Cornell University- Atmospheric Sciences Undergrad; Research Assist.- Onset of Spring Indices Toolbox; Interests- Small spatial scale climatolology
By: Zachary Labe , 10:50 PM GMT on May 02, 2009
"Afternoon Thoughts" (Updated 5/2)
Well it is just about that time of year, Summer. Full of outdoor activities, sports, laughing, swimming, vacations, and lawn mowing; yes lawn mowing. It amazes me every year how some people have no pride in the exterior appearance of one's home. In this modern age we care so much about the exterior of our appearances to the point of costly and dangerous surgery. Why do we not care about the place we spend the most time and best resemble who we are, our homes? I am sure all of you have that neighbor who doesn't mow their lawn for two-three weeks at a time and then when it is time to mow you park you front lawn chair in front of your house and watch the show. Weeds up to a foot high, dust flying in the air as the mower has problems chewing down the high grass.

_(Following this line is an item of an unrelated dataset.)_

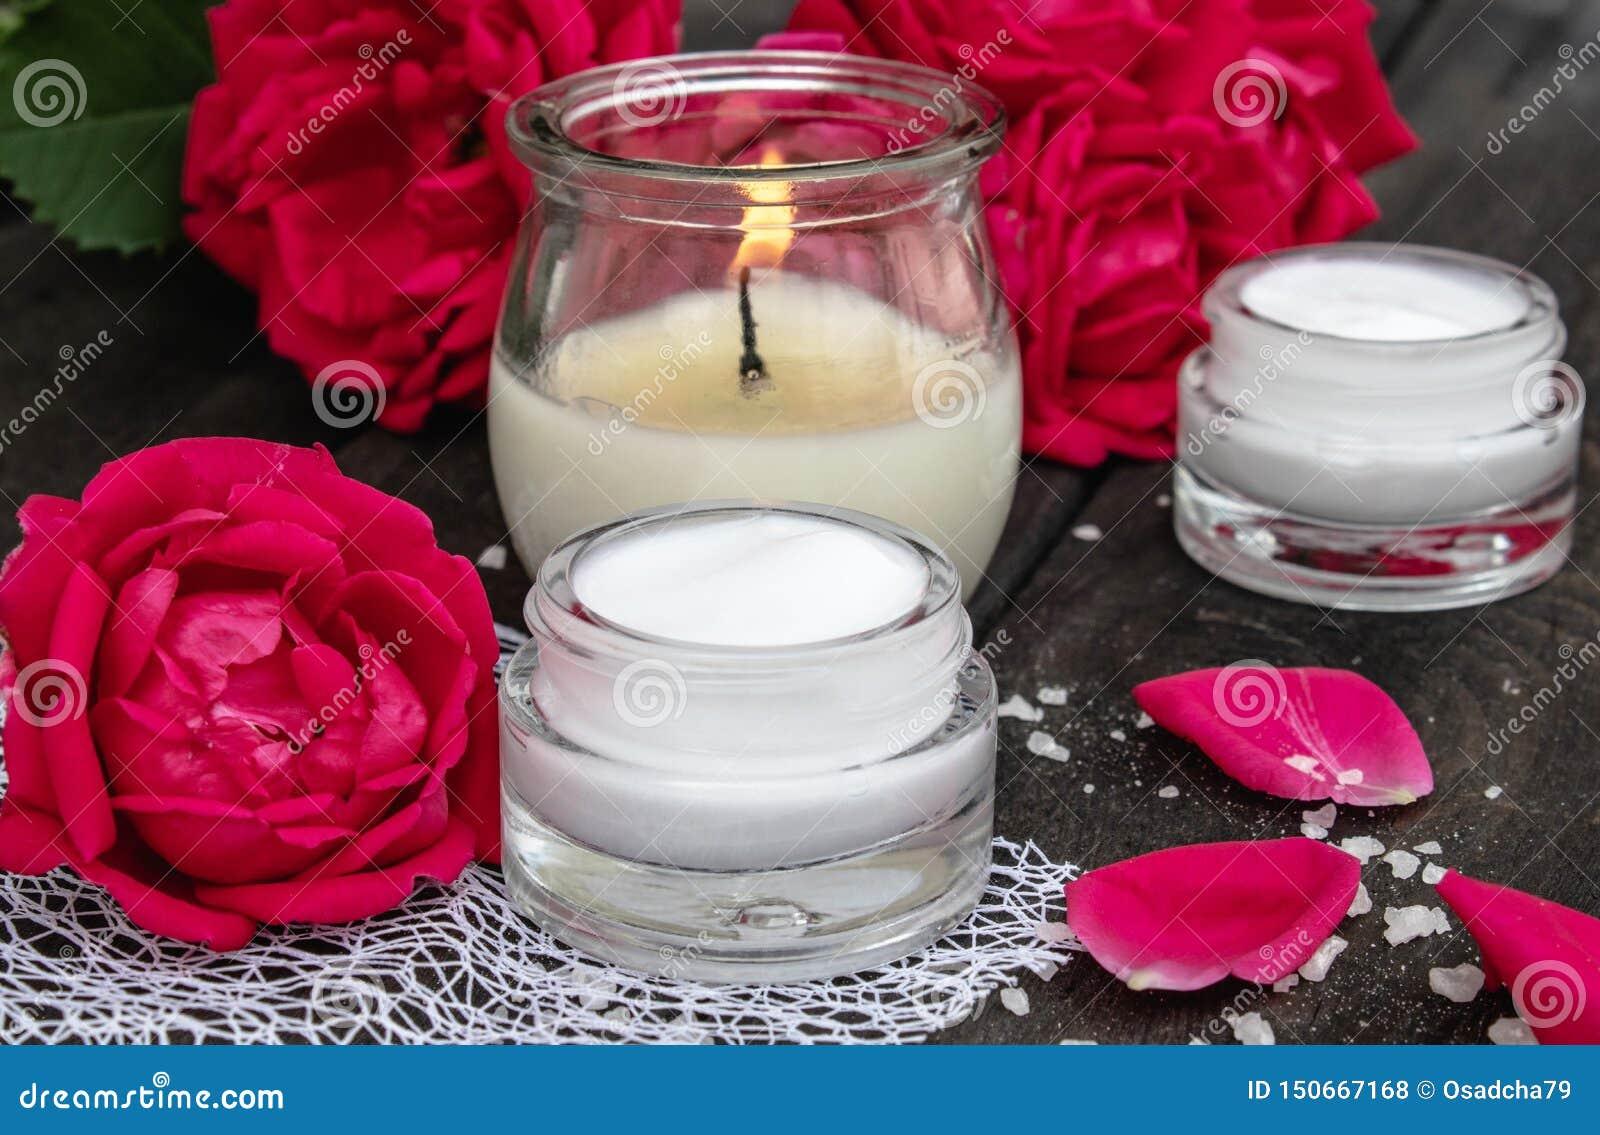 Creme e rosas cosméticos com pétalas e uma vela ardente no fundo de madeira velho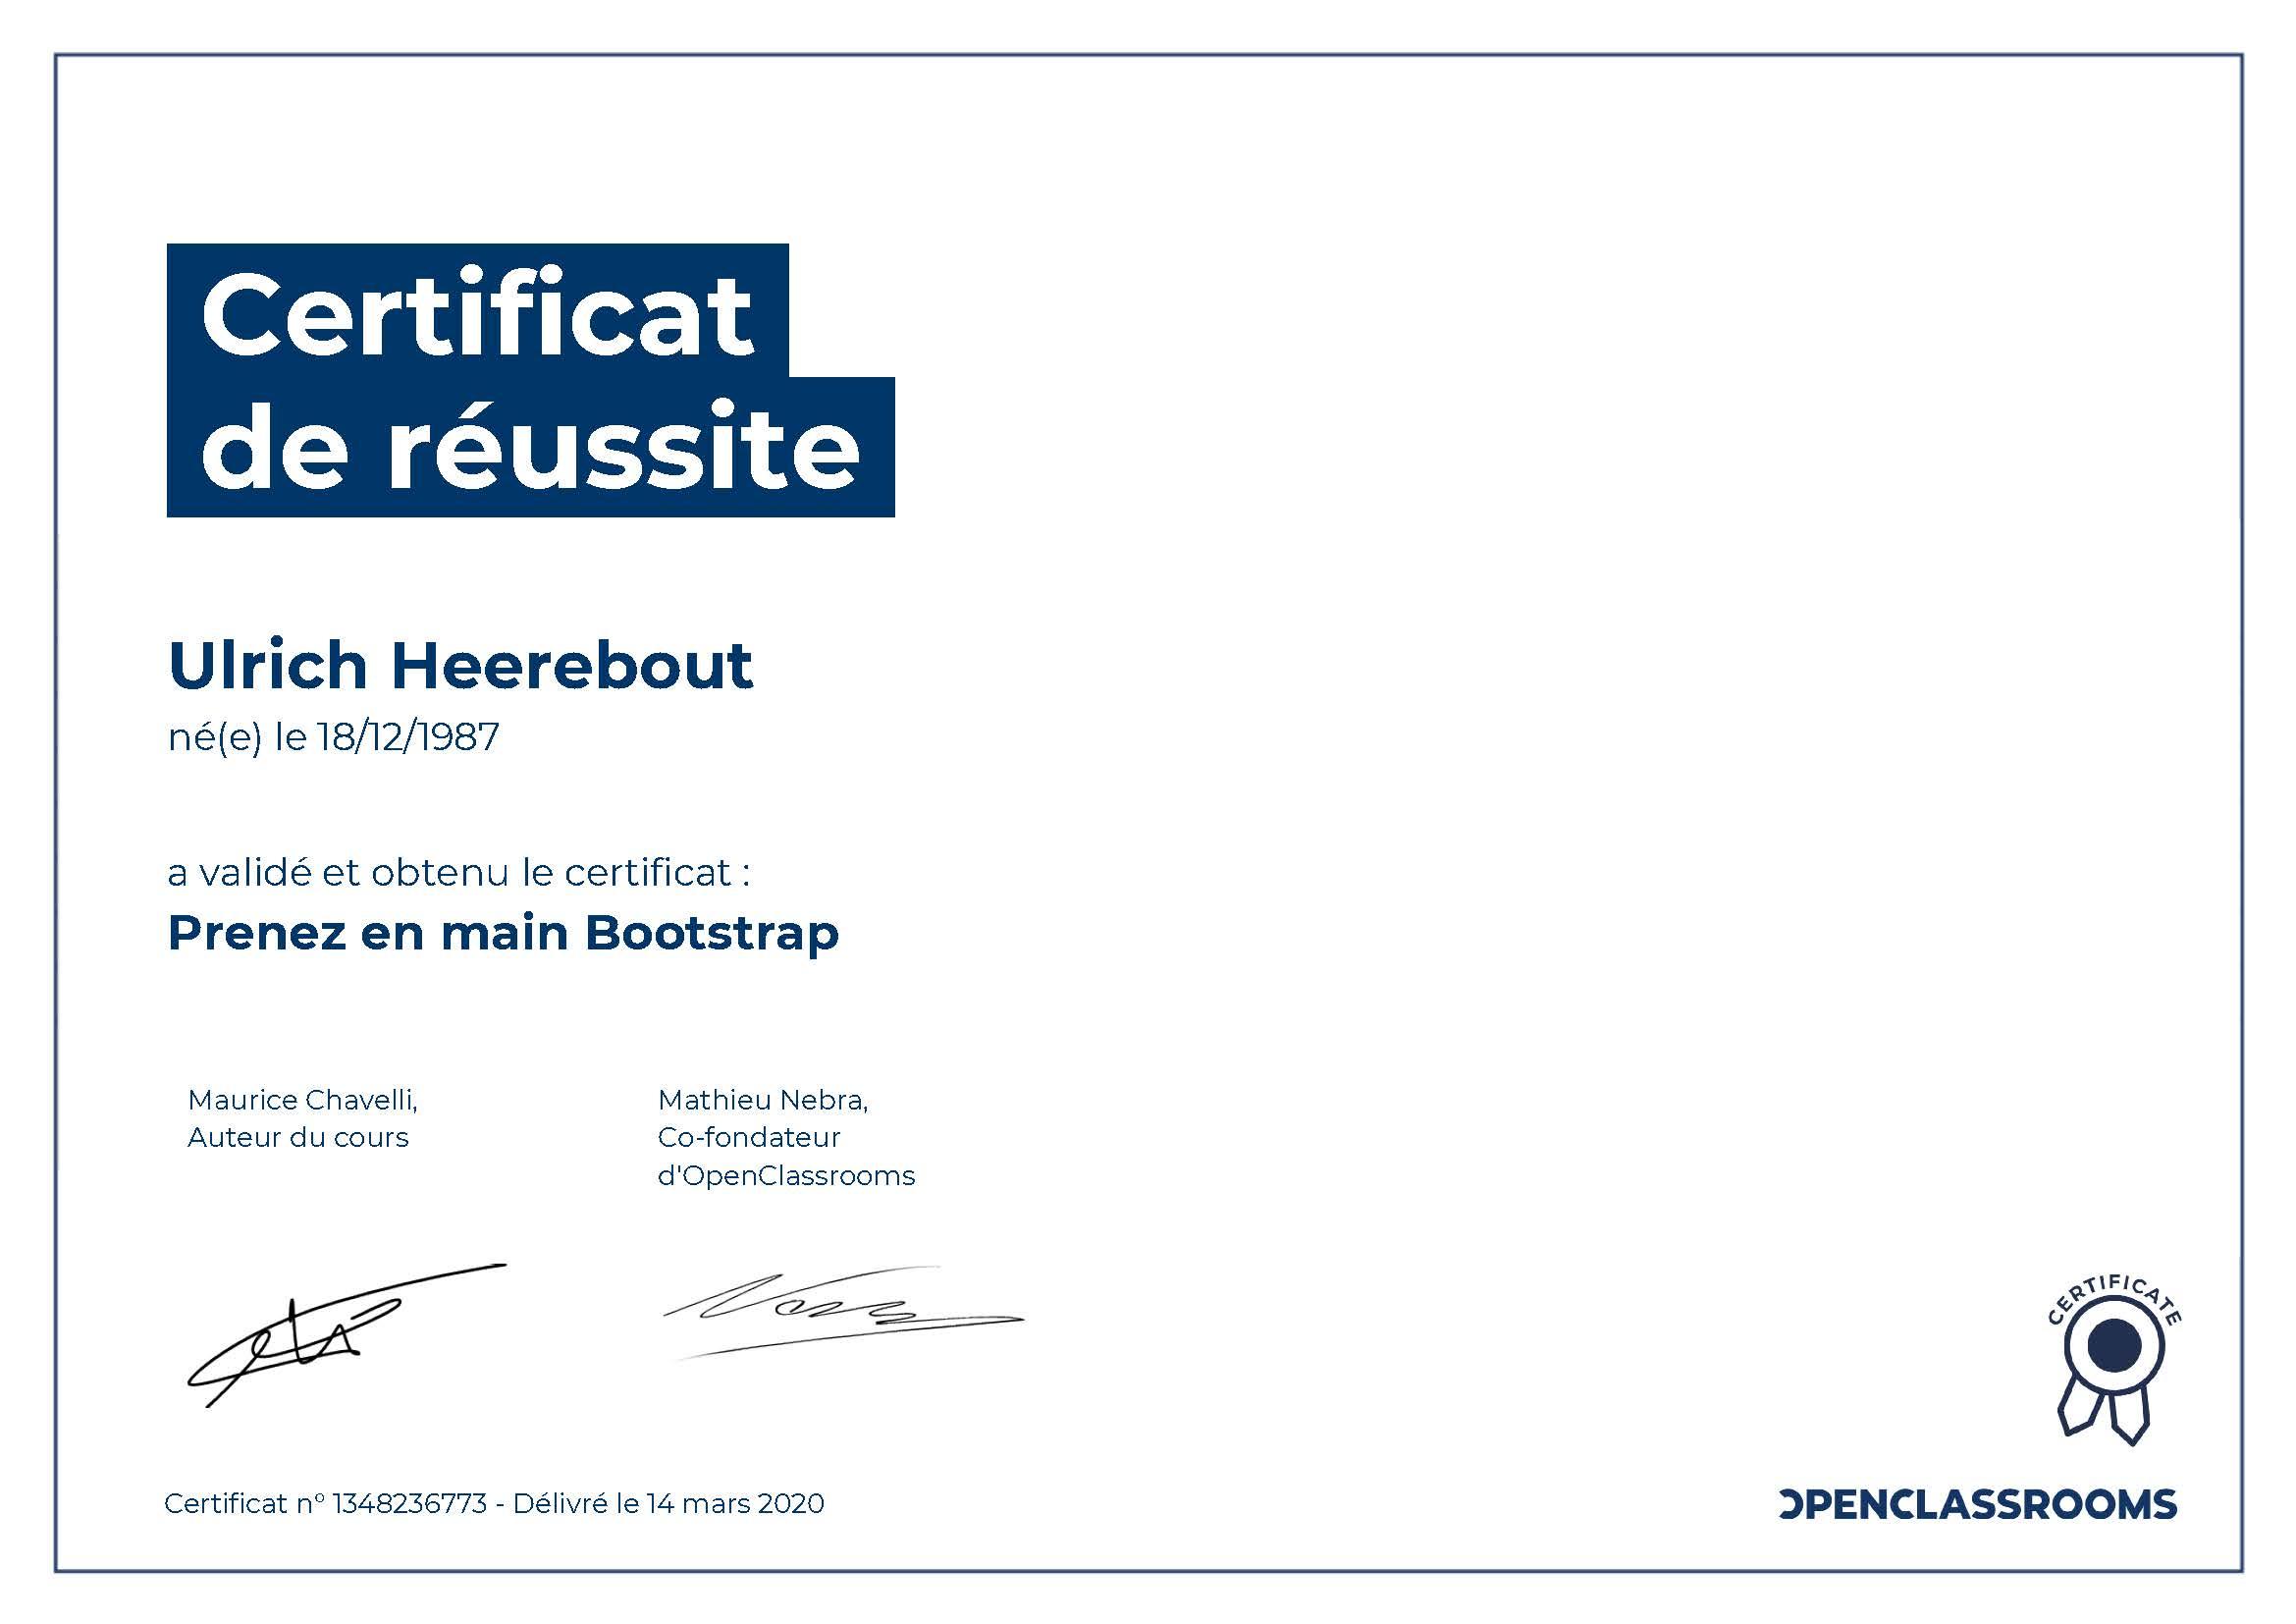 Certificat de réussite : Prenez en main Bootstrap

The occasional stalling of the mower and o so much more. And then we all seem to have that one neighbor who actually does mow their lawn on a regular basis, but does not have a shrub/tree/flower from here to Kalamazoo. Now you don't have to be an expert landscaper to have a nice exterior of the home, all it takes is a bit of elbow grease and a hop off the sofa into the hot summer sunshine. I guess this is all just one of many rants this time of year I have, and I know others share. Anyways, it looks like this week is going to feature an unsettled pattern, but the sun should be out at times. It reminds me of a typical week in April even though the calendar says May. May, wow it is hard to believe we are so far away from last winter. Why it seems like just yesterday everybody was watching every model run and holding their breath like there is no tomorrow. This time of year the weather is pretty benign, but once we head into June the next active weather begins, severe weather season. Enjoy the beauty and warmth of May and have a great day!!!
(Courtesy of NOAA)
(Courtesy of Penn State Meteo.)
(Courtesy of NOAA)
"Forecast Discussion" (Updated 5/2)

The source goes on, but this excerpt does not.